• **What this task involves**
Nothing may be left out of the listing below but its images; repeat the rest exactly.
----- Dataset extract -----
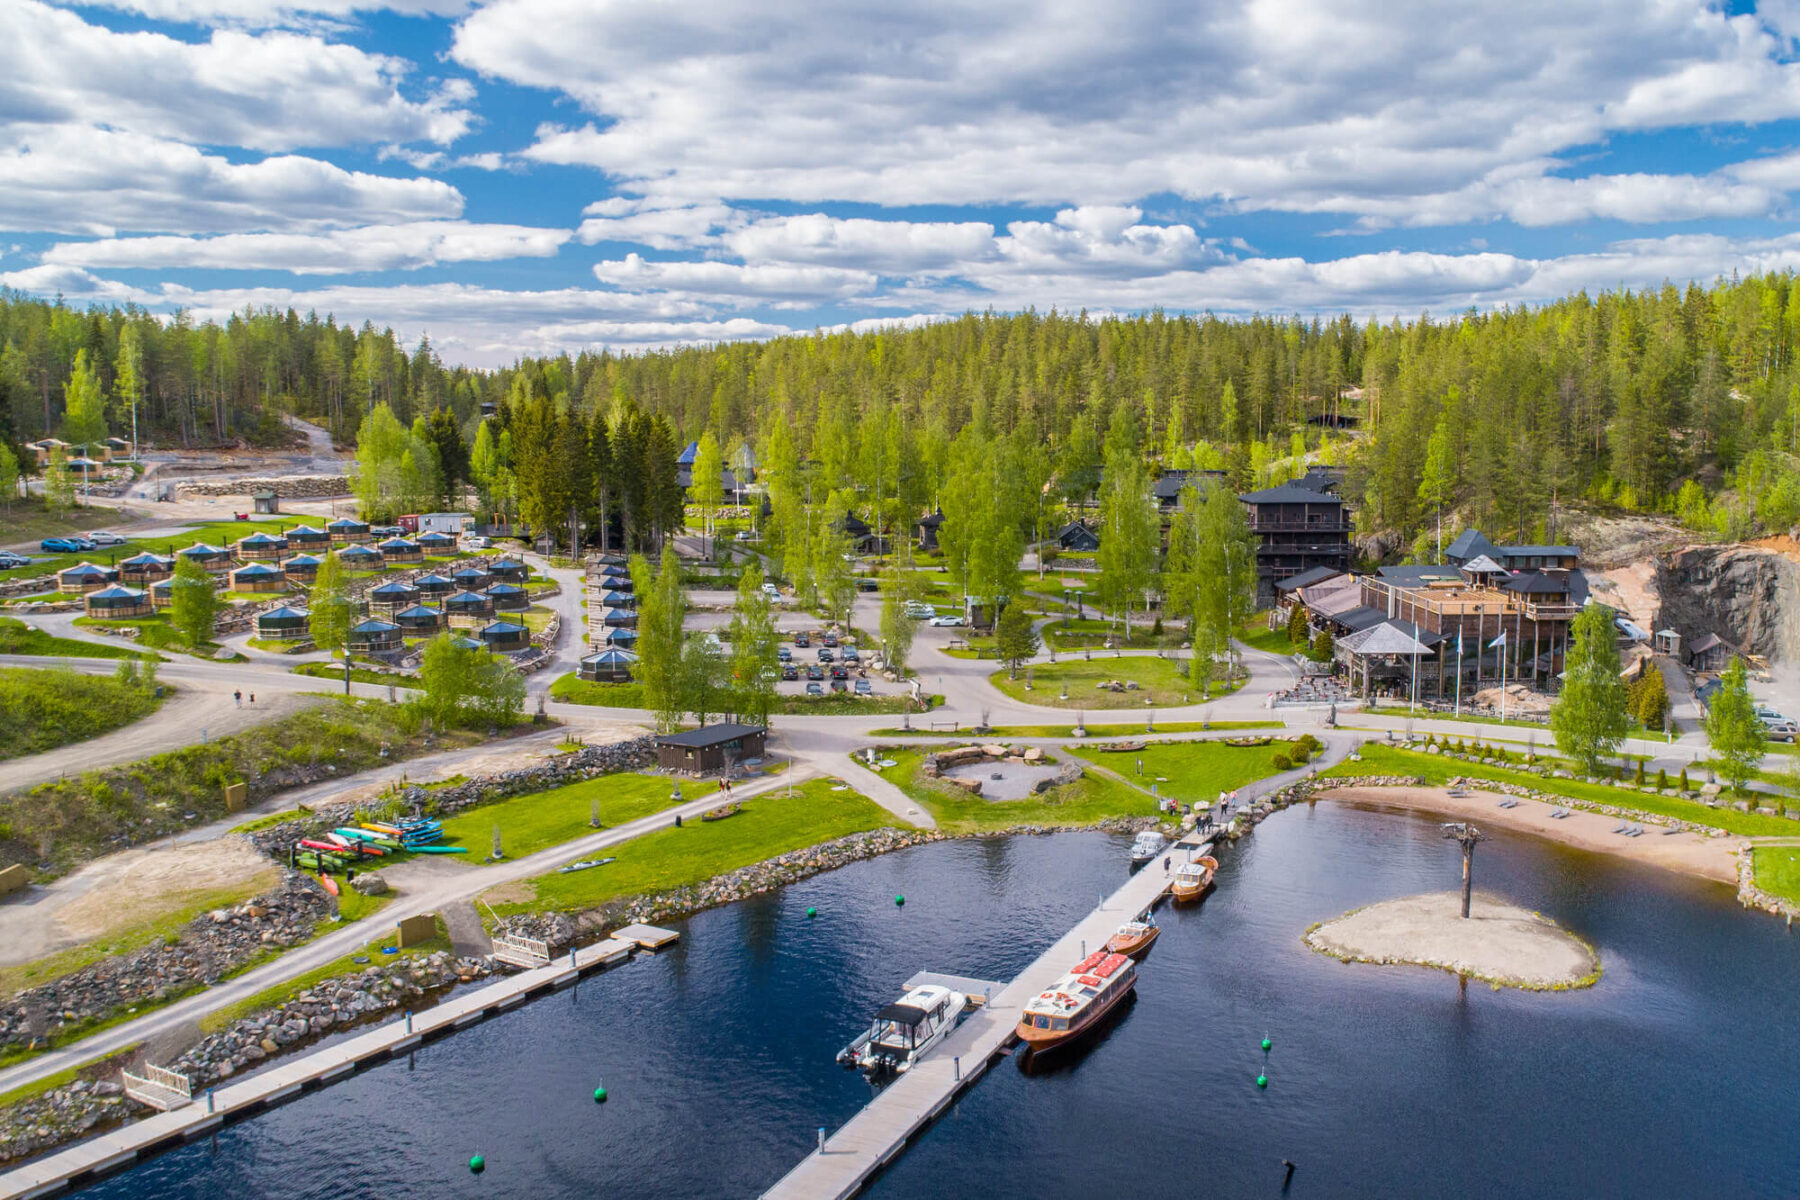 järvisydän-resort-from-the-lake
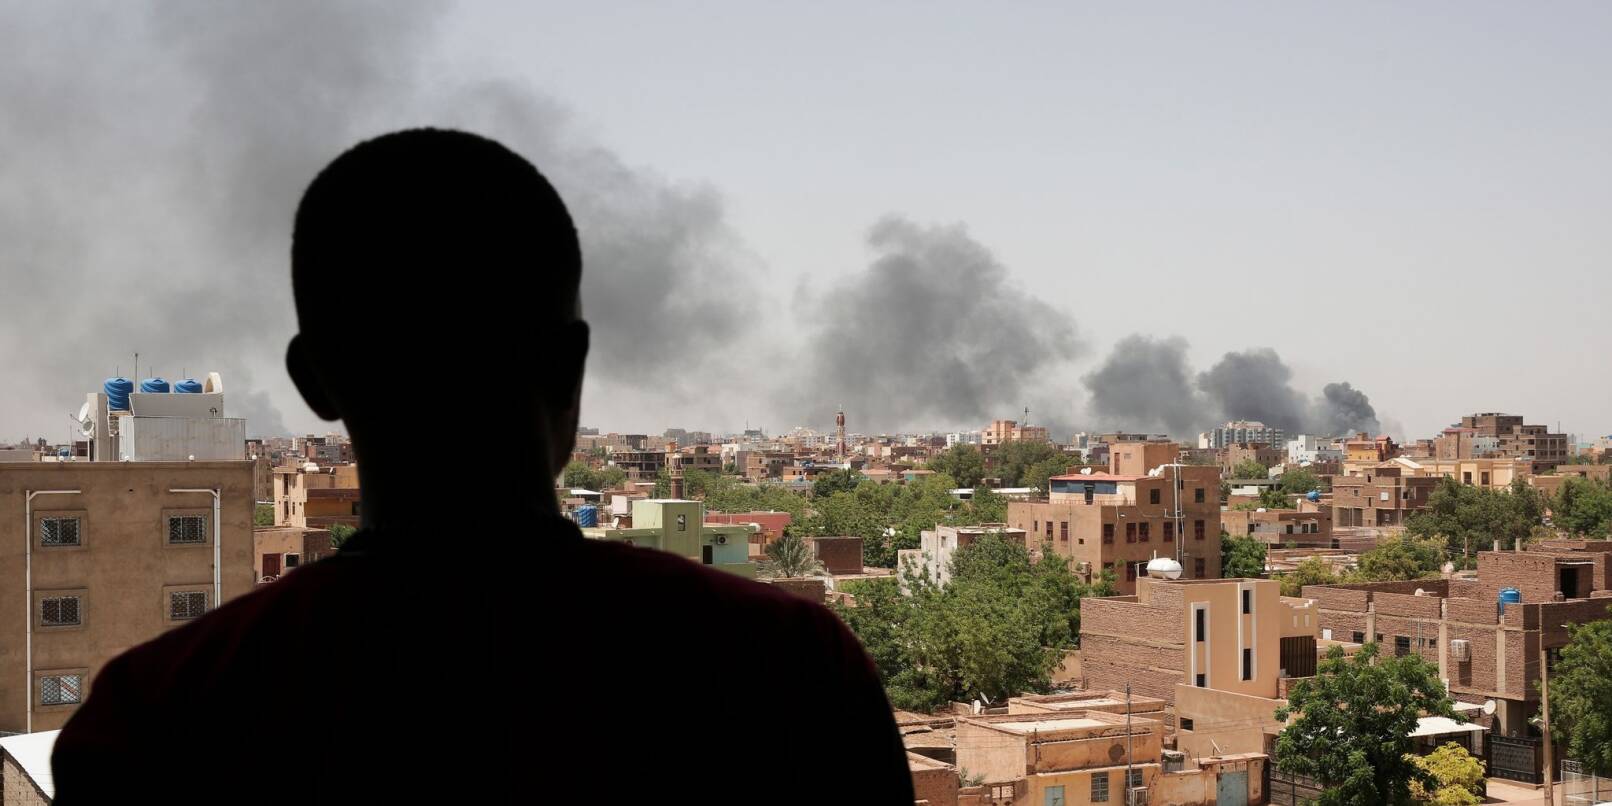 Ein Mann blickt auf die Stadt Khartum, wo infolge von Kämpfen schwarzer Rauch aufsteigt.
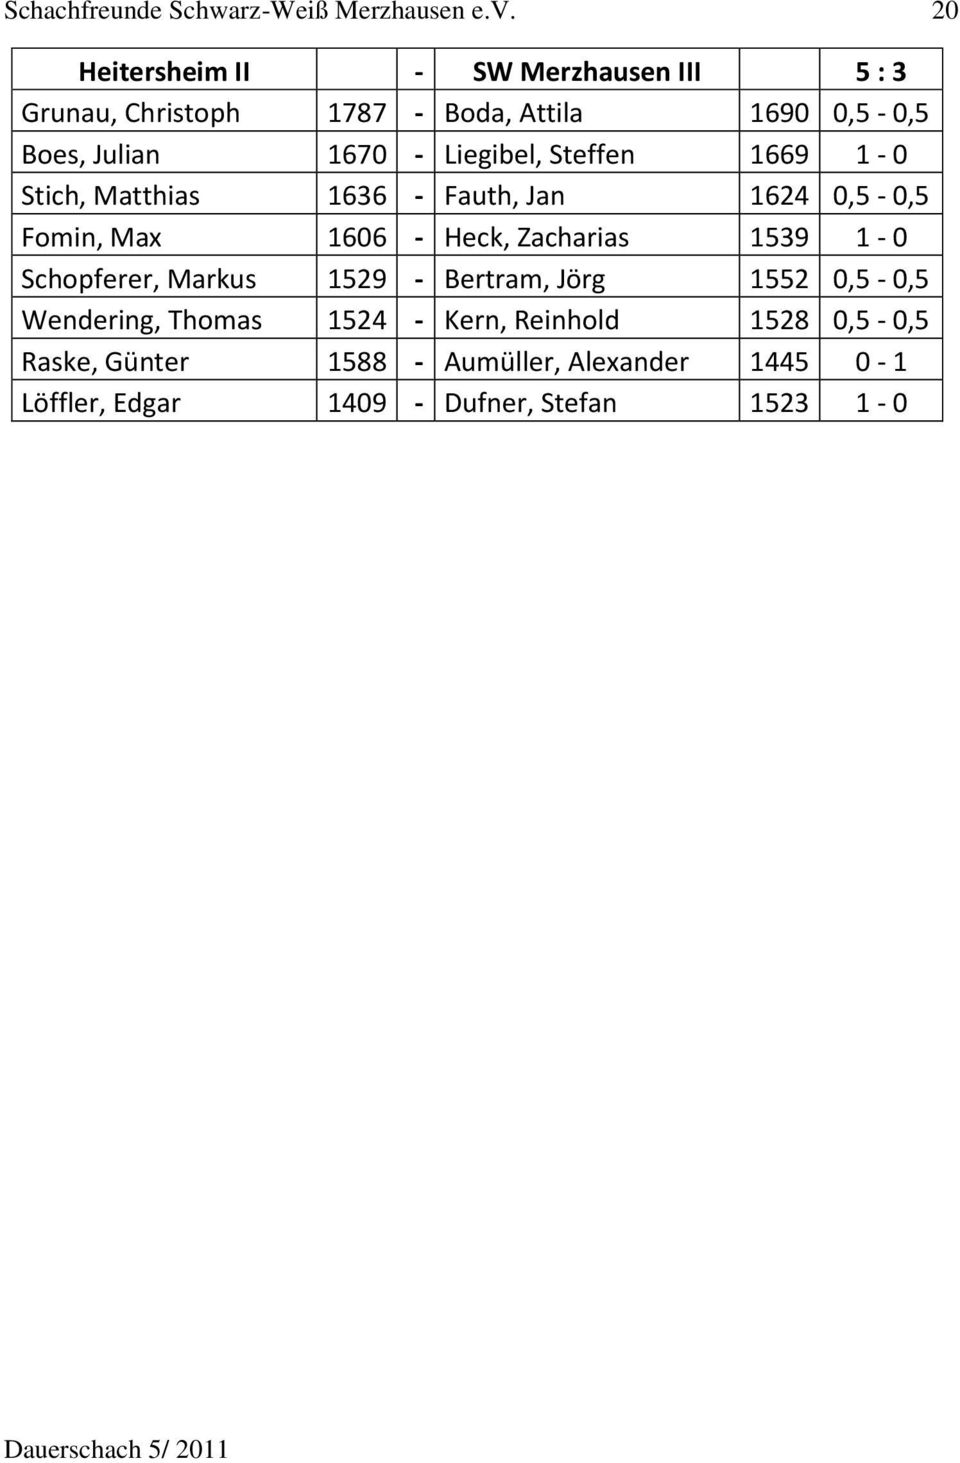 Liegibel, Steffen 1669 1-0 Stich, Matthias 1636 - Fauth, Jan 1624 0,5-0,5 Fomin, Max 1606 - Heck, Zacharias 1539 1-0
-----
• **Expected answer**
 järvisydän-resort-from-the-lake
 Ein Mann blickt auf die Stadt Khartum, wo infolge von Kämpfen schwarzer Rauch aufsteigt.
 Liegibel, Steffen 1669 1-0 Stich, Matthias 1636 - Fauth, Jan 1624 0,5-0,5 Fomin, Max 1606 - Heck, Zacharias 1539 1-0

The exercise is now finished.